I too recently purchased the TiVo Edge Dual Tuner for Antenna and it works with my TiVO Mini (which I previously used with a TiVO Roamio (4 tuner) that finally crashed. I am using the TiVO Bridge and MoCA point of entry filter. When I connected the Edge, I re-ran the setup process for the Mini so that the two devices would communicate properly (it wasn't working until I did that.) So far, all is good.

NOTE: In regards to your original question, I forgot to mention in my response above that a TiVO rep assured me that the Edge will work with the Mini. Although the Edge apparently has a built in MoCA, I still found that I needed a MoCA filter where my antenna enters the house, plus, as I already mentioned, I also need the Bridge.

*UPDATE (09-03-2021): See my comments in the "duplicate" discussion of this thread (link was added near the top of this discussion by krkaufman.)* Except for the above "NOTE," I decided to remove some earlier comments I made, because they would only confuse the overall discussion.


----------



## krkaufman (Nov 25, 2003)

GSG1802 said:


> Although the Edge apparently has a built in MoCA, I still found that I needed a MoCA filter where my antenna enters the house, plus, as I already mentioned, I also need the Bridge.]

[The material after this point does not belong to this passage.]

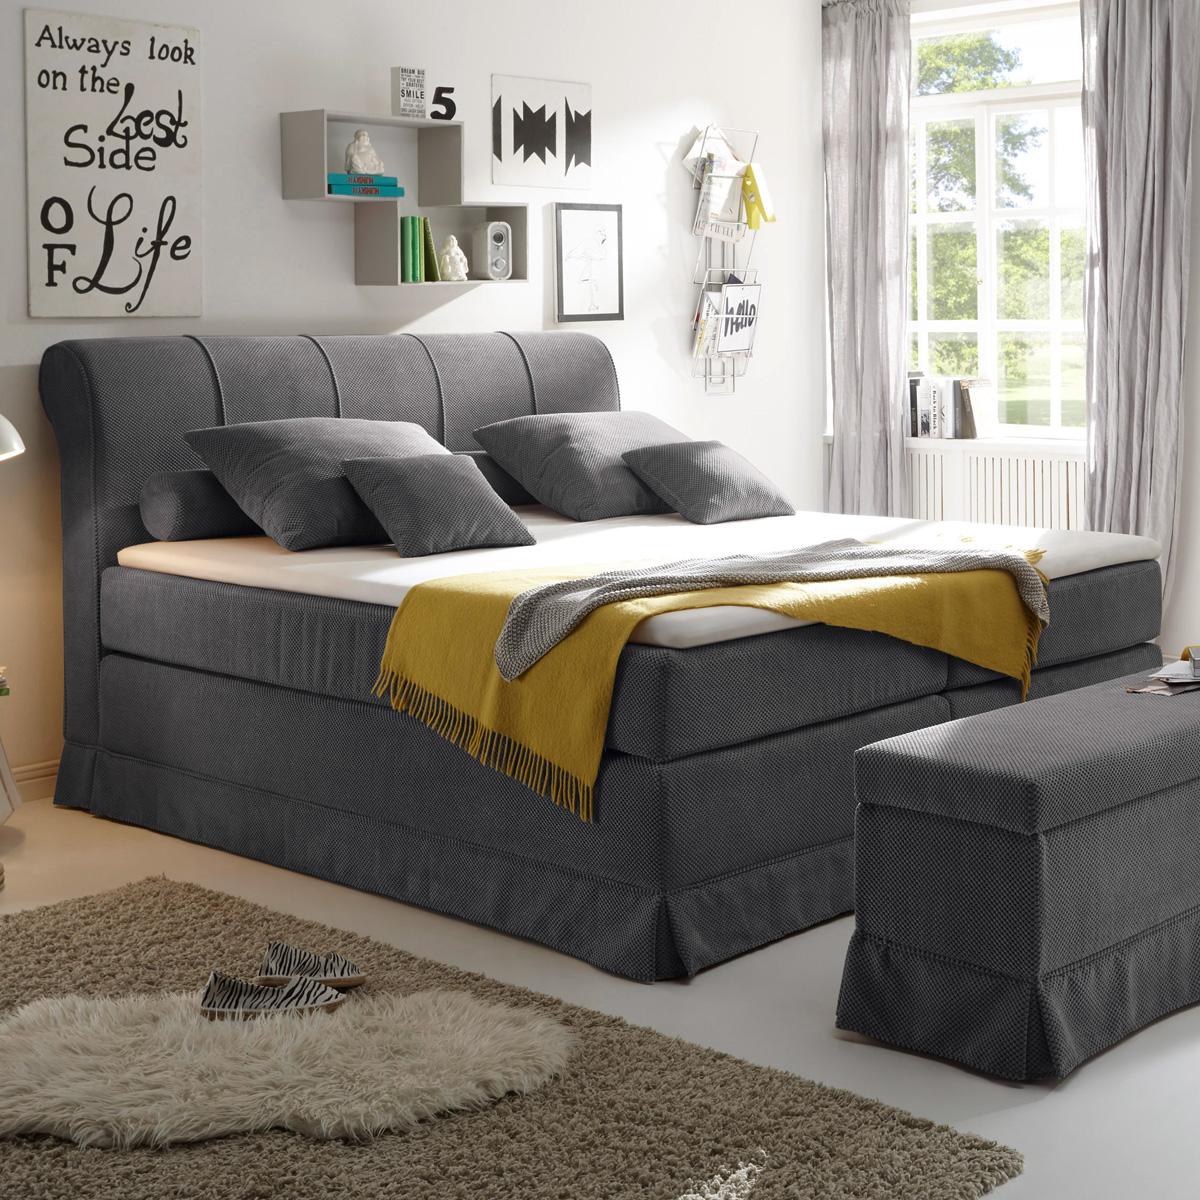 boxspringbett carson 1 bett schlafzimmerbett beige anthrazit braun mit topper ebay. Black Bedroom Furniture Sets. Home Design Ideas

The "PoE" MoCA filter keeping the MoCA signals away from the antenna is a basic security (and FCC) requirement when employing MoCA.

As for the EDGE, only the "for Cable" model has a built-in MoCA bridge. The OTA-only models do not.


----------



## GSG1802 (Aug 26, 2021)

Thank you for the clarification krkaufman. When I purchased the Edge, the TiVO sales rep told me the MoCA was built in, but did not specify that only apples to the "Cable" version. As an update to the issue I am having with my Mini, I called TiVO and spent time on the phone with a tech trying to resolve the issue, without success. I just received a message from TiVO asking me to try a couple other steps. I was instructed to contact them if those do not resolve the problem of not being able to watch Live TV on my Mini when only one television program is being recorded on the Edge.


----------